*TASK TO COMPLETE*.
Take the data below and write it out exactly, except for the pictures.

*DATASET EXCERPT*.
====

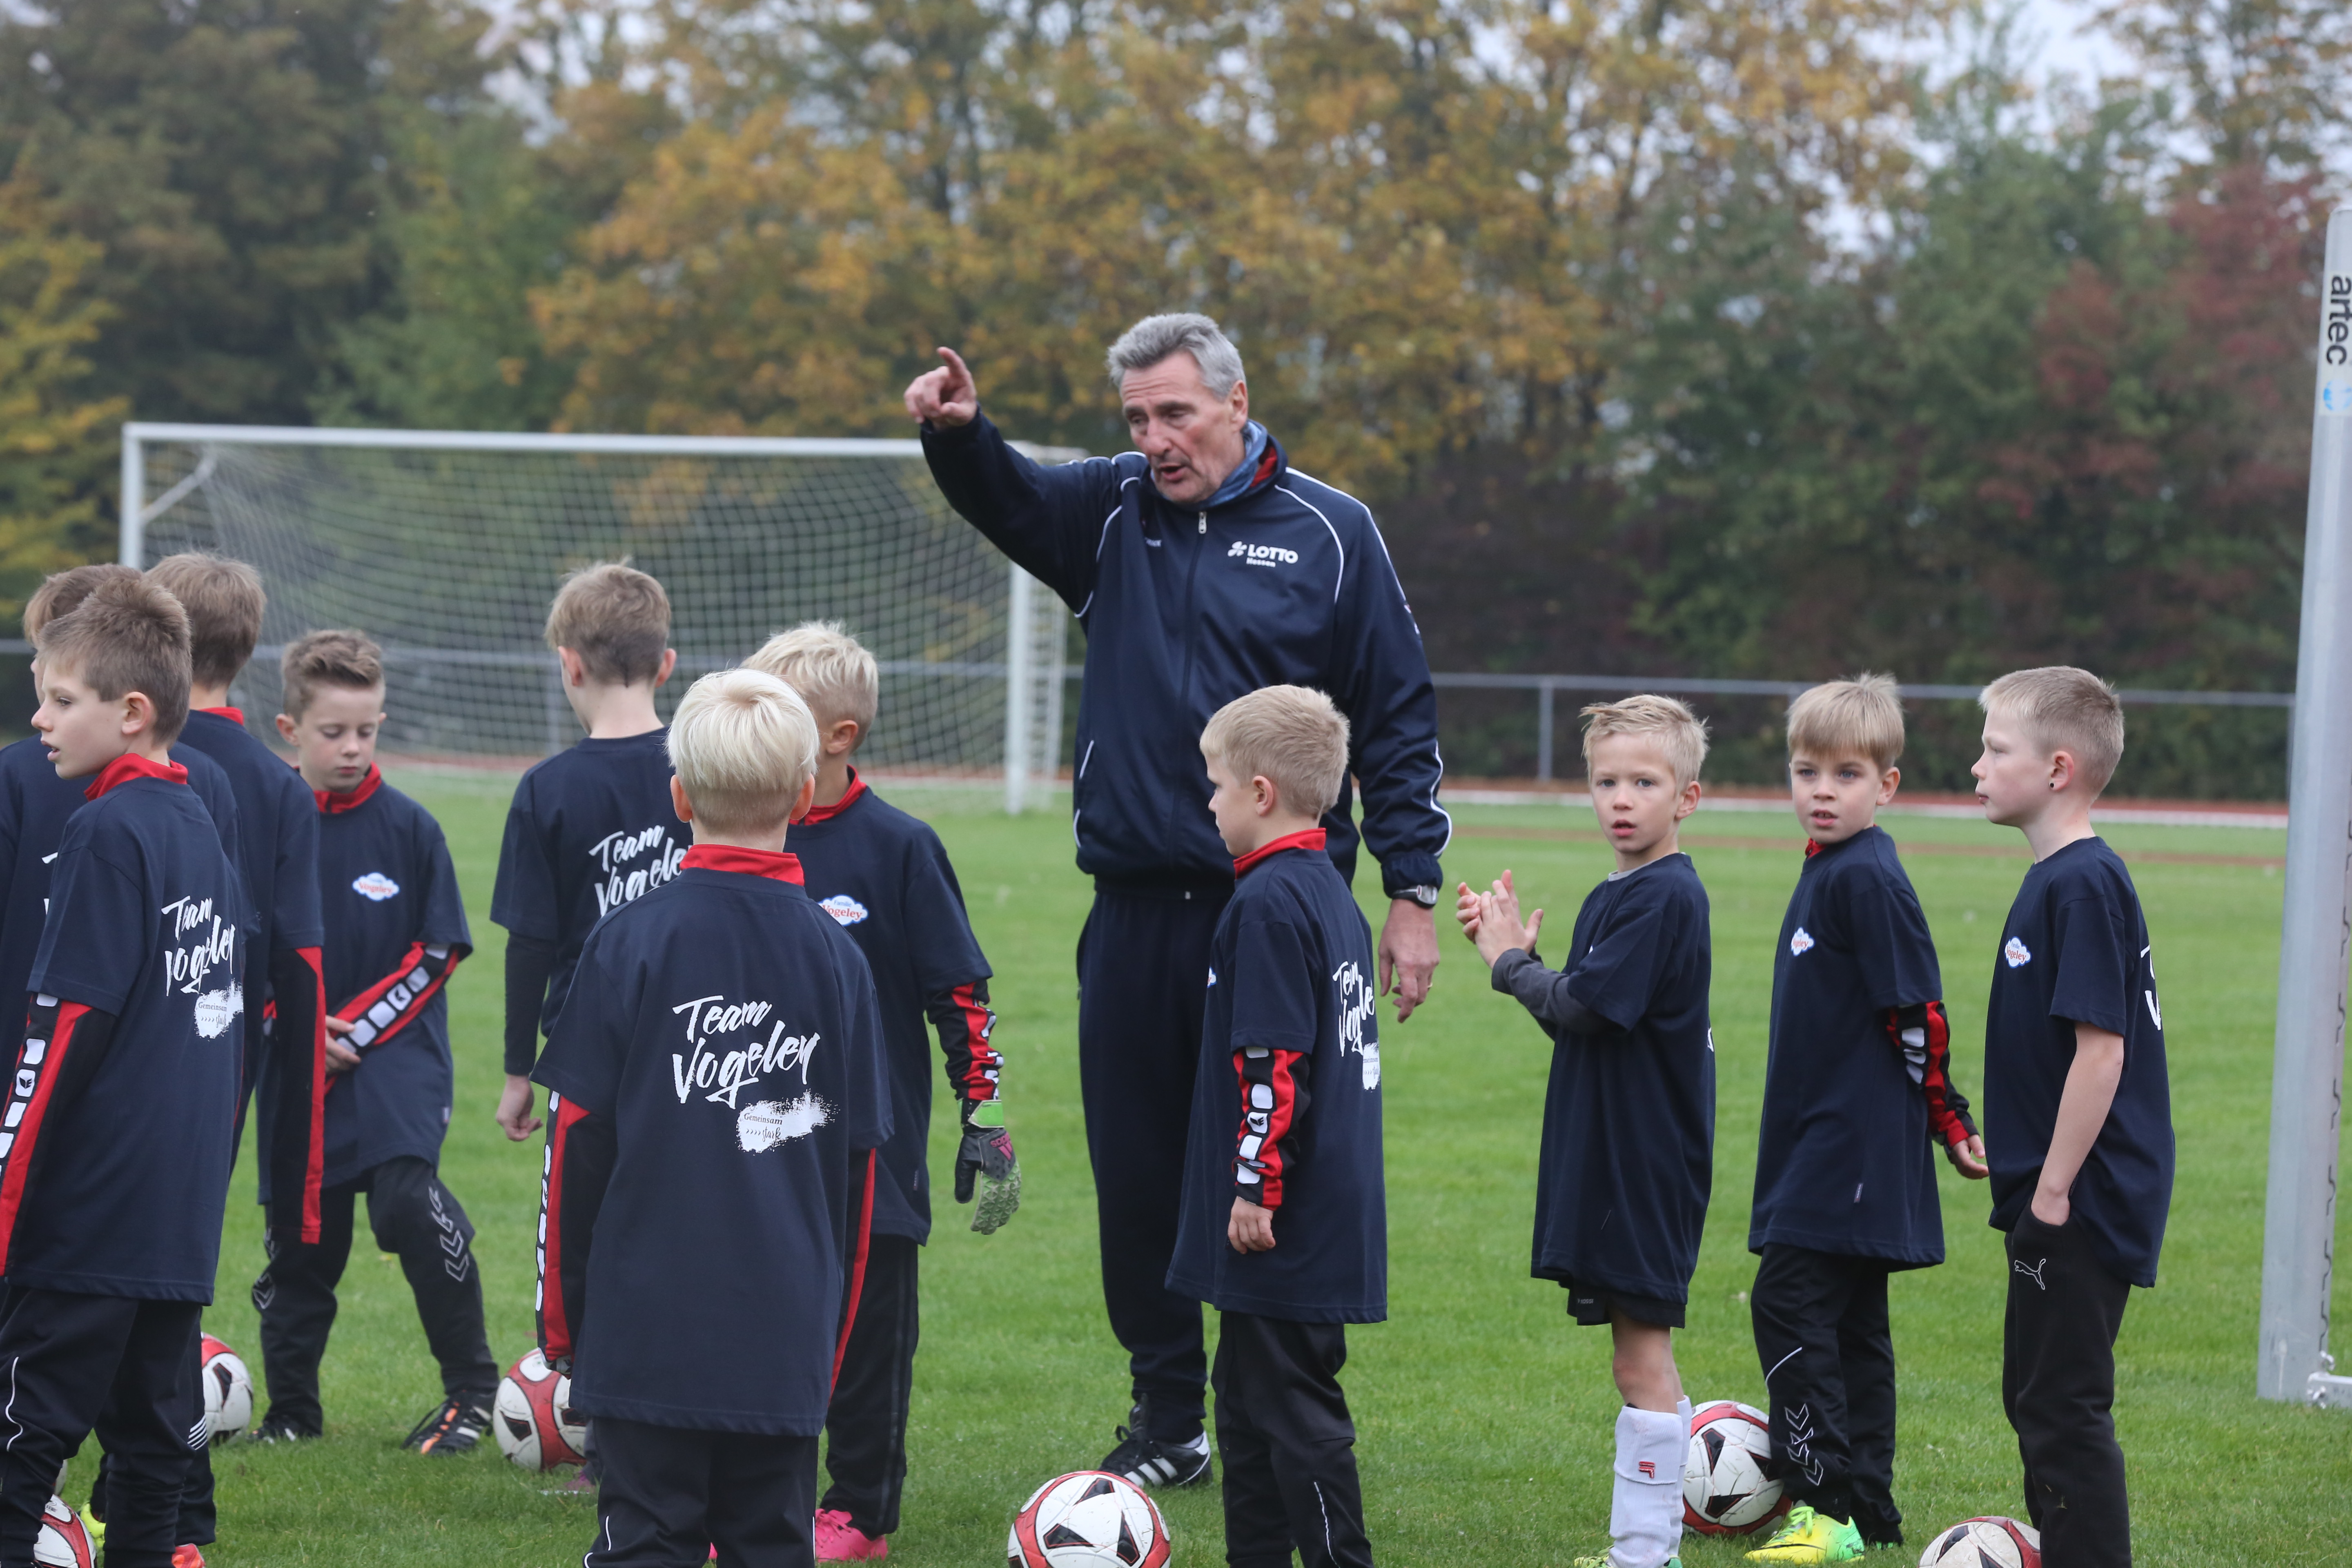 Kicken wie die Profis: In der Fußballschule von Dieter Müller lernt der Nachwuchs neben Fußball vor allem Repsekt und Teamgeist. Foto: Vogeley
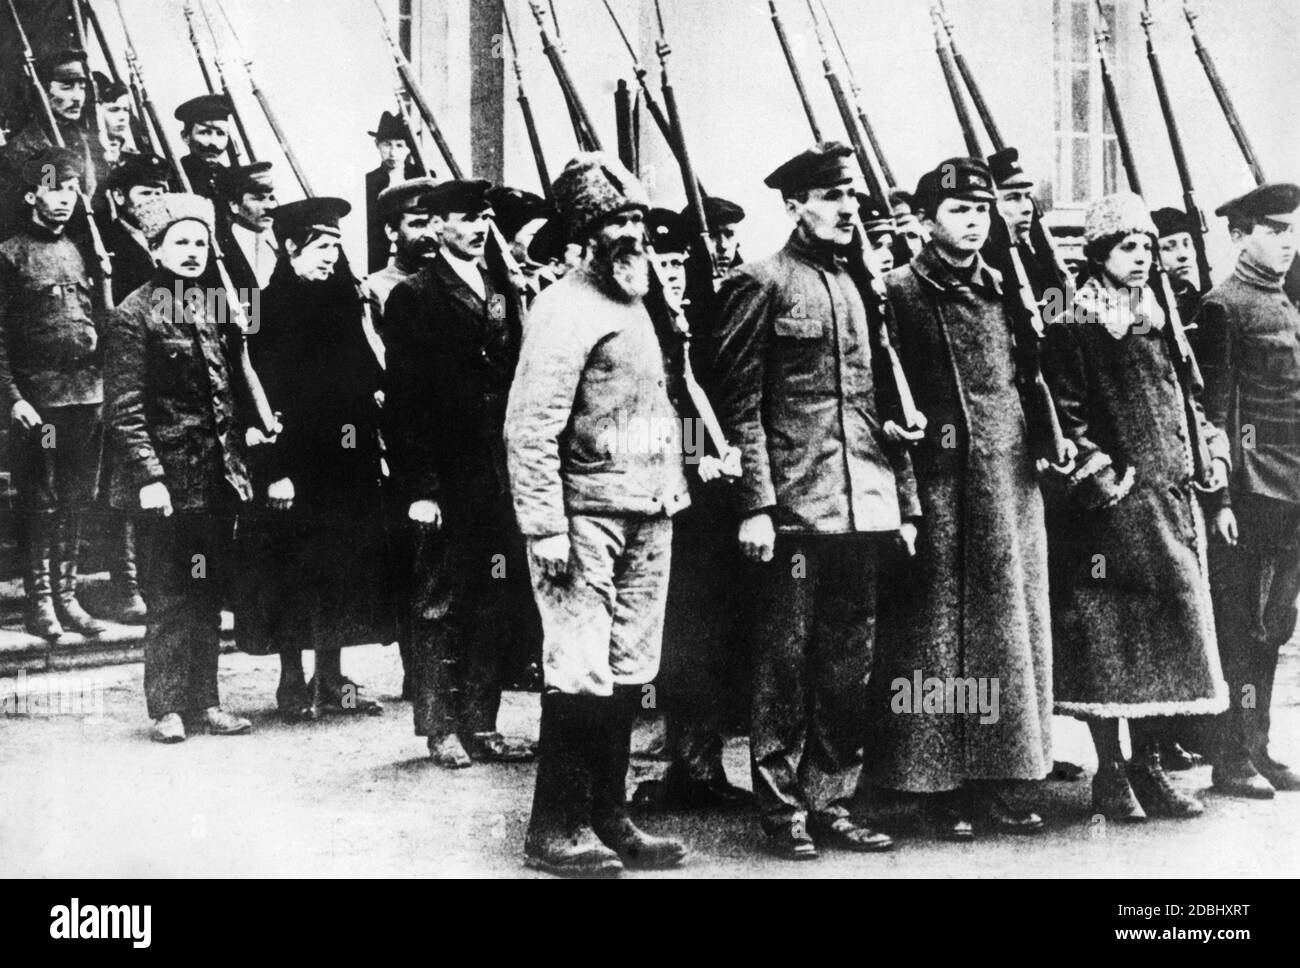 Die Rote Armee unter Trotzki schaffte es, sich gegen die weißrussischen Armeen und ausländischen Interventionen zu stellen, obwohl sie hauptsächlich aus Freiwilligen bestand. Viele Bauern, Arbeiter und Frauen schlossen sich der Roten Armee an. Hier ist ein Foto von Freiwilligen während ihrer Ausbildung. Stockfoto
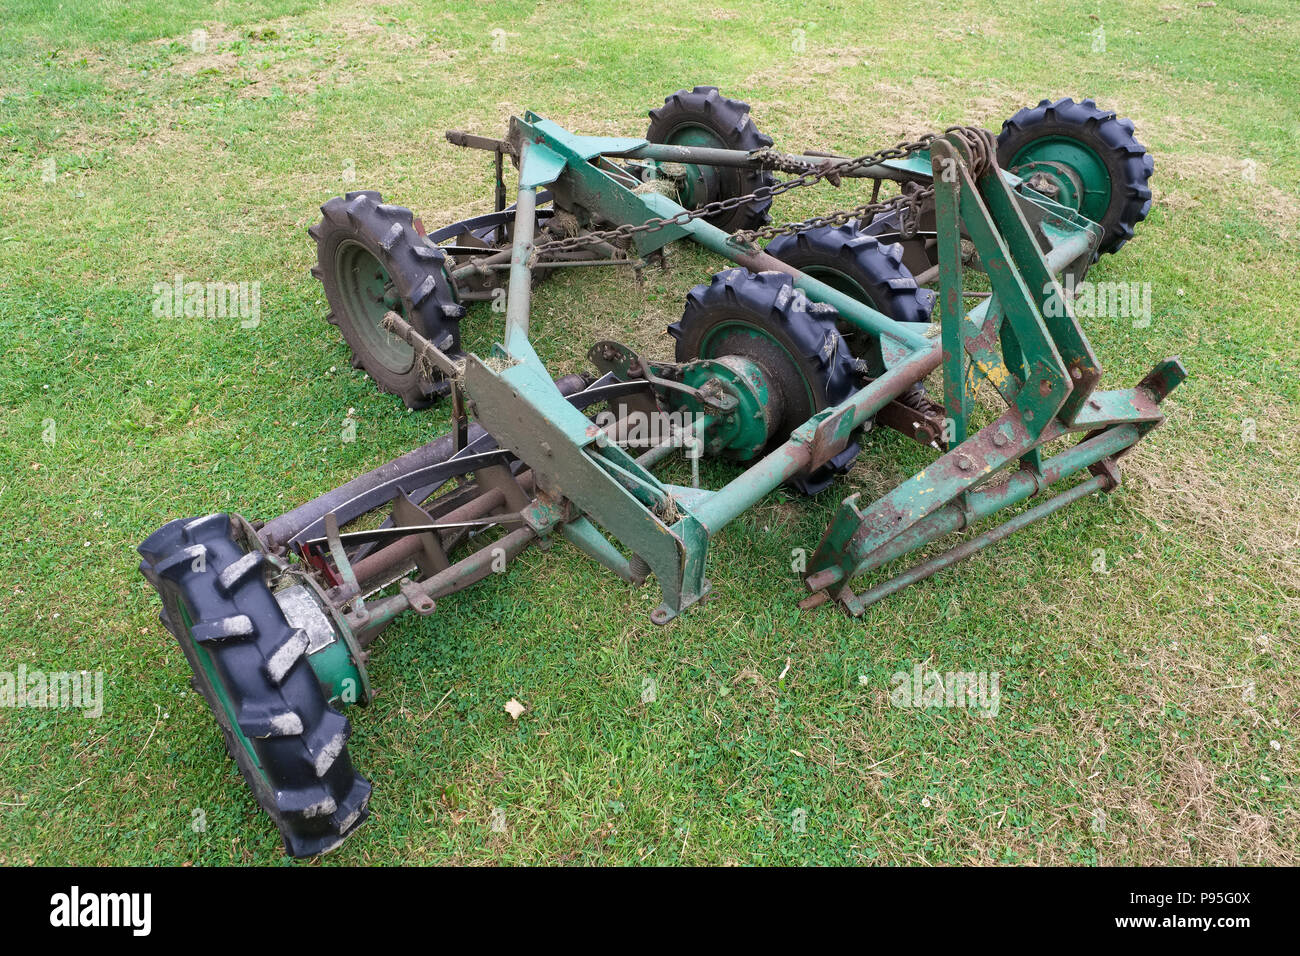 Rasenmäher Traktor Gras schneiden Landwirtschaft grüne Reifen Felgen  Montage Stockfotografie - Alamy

====

*ANSWER BOX*.
 Kicken wie die Profis: In der Fußballschule von Dieter Müller lernt der Nachwuchs neben Fußball vor allem Repsekt und Teamgeist. Foto: Vogeley
 Die Rote Armee unter Trotzki schaffte es, sich gegen die weißrussischen Armeen und ausländischen Interventionen zu stellen, obwohl sie hauptsächlich aus Freiwilligen bestand. Viele Bauern, Arbeiter und Frauen schlossen sich der Roten Armee an. Hier ist ein Foto von Freiwilligen während ihrer Ausbildung. Stockfoto
 Rasenmäher Traktor Gras schneiden Landwirtschaft grüne Reifen Felgen  Montage Stockfotografie - Alamy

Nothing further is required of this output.